# Found In Space

Some time ago[1] we saw how Newton's method used the derivative of a univariate scalar valued function to guide the search for an argument at which it took a specific value. A related problem is finding a vector at which a multivariate vector valued function takes one, or at least comes as close as possible to it. In particular, we should often like to fit an arbitrary parametrically defined scalar valued functional form to a set of points with possibly noisy values, much as we did using linear regression[2] to find the best fitting weighted sum of a given set of functions, and in this post we shall see how we can generalise Newton's method to solve such problems.

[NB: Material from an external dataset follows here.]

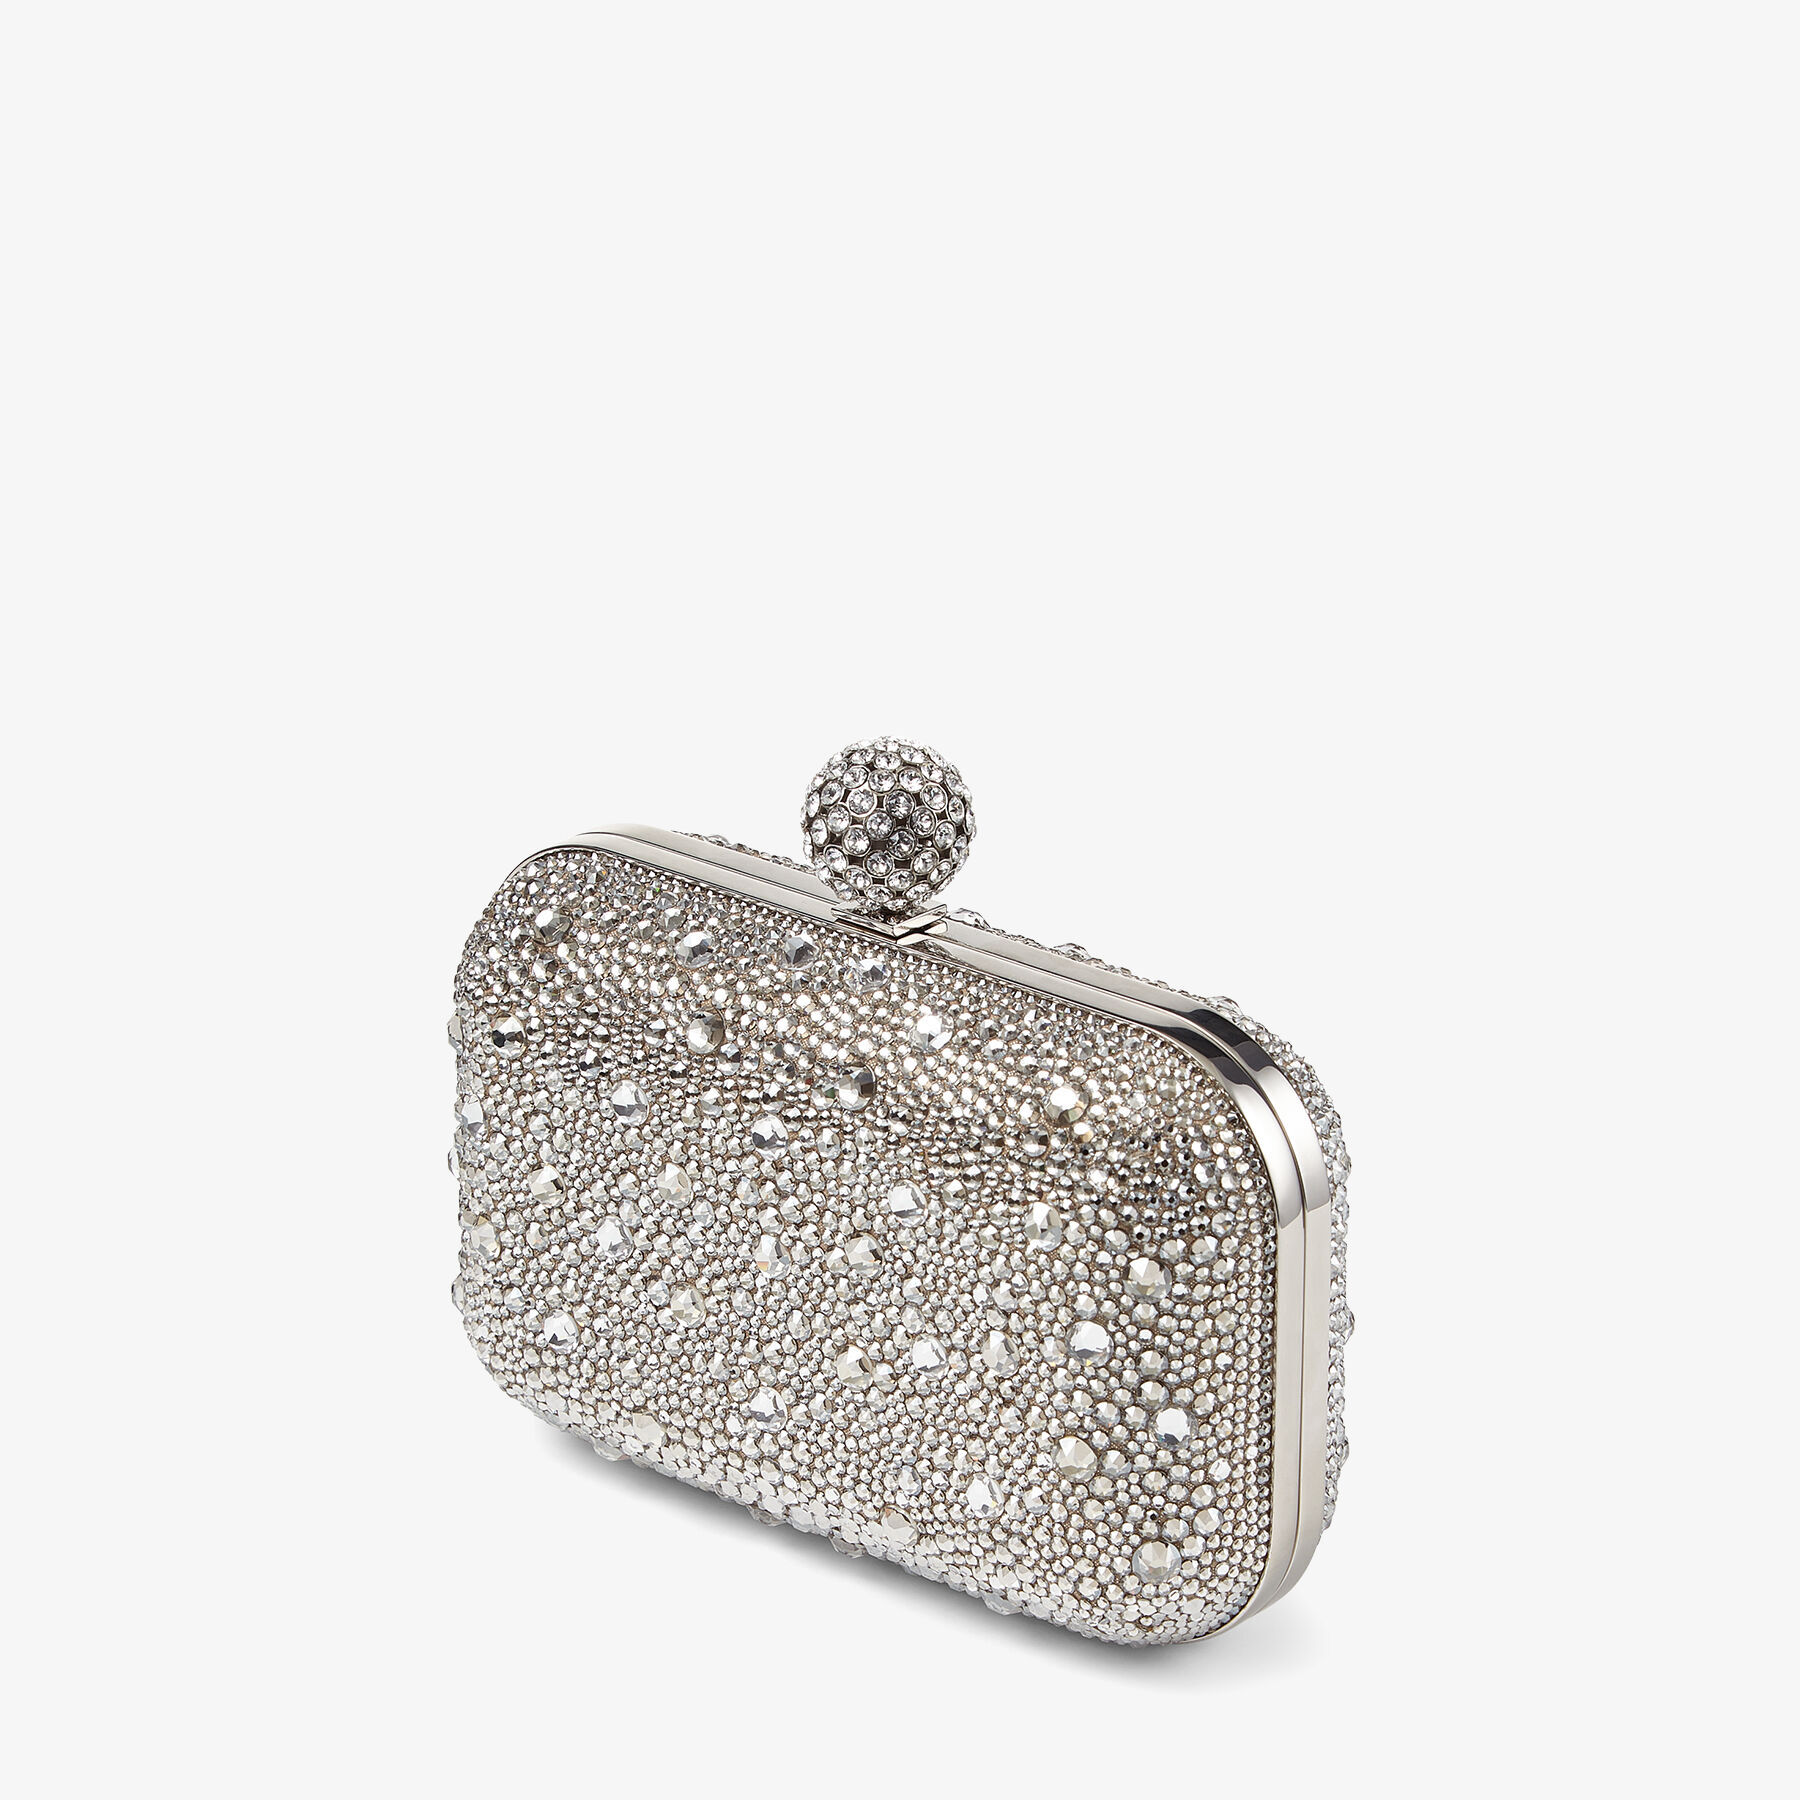 Nude Shimmer Suede Clutch Bag with Hotfix and Crystal-Encrusted 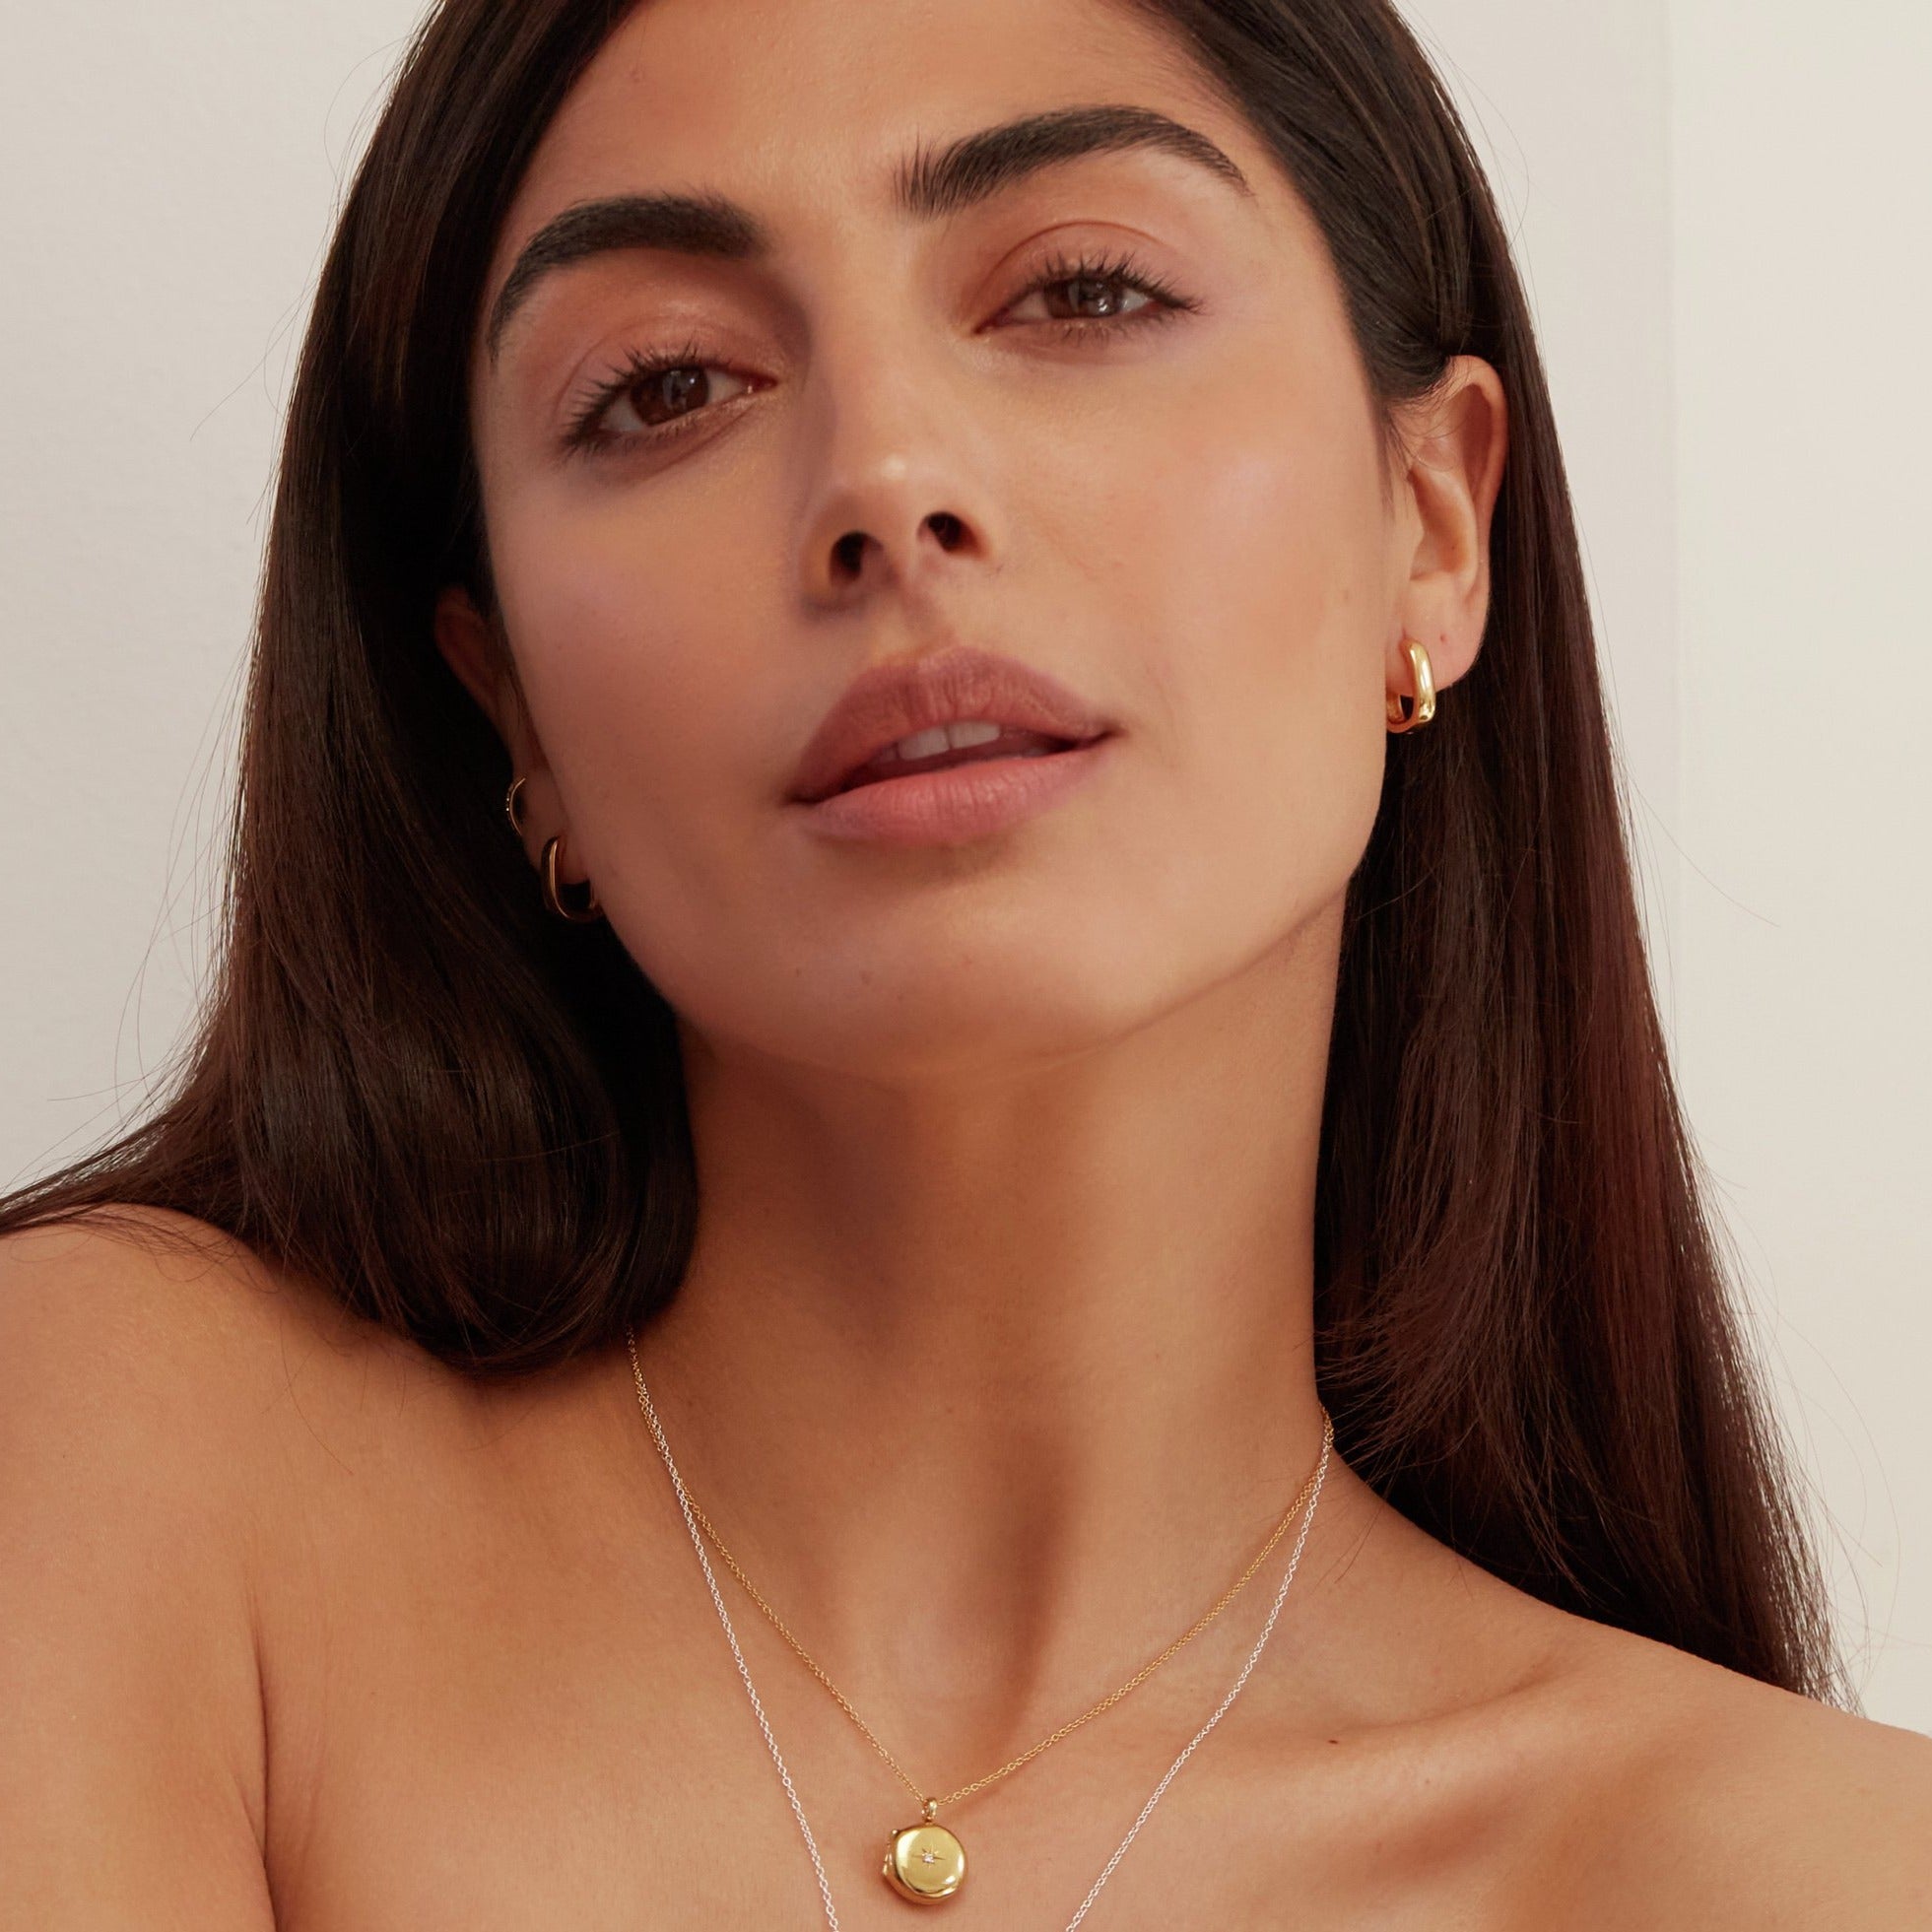 Gold thick squared hoop earrings in the ear lobes of a brunette woman wearing a gold small round diamond locket necklace around her neck

For a multivariate vector valued function $$\mathbf{f}$$ and a target vector value $$\mathbf{y}$$ we can express the inversion problem as the search for a vector $$\mathbf{x}^\ast$$ that minimises $$|\mathbf{f}(\mathbf{x}) - \mathbf{y}|$$, where the vertical bars represent the length of the vector between them, being the distance between $$\mathbf{f}(\mathbf{x})$$ and $$\mathbf{y}$$. Equivalently, we can seek to minimise the function
$g(\mathbf{x}) = \frac12 \times \sum_i \left(f_i(\mathbf{x}) - y_i\right)^2$
which is equal to half of the square of their distance.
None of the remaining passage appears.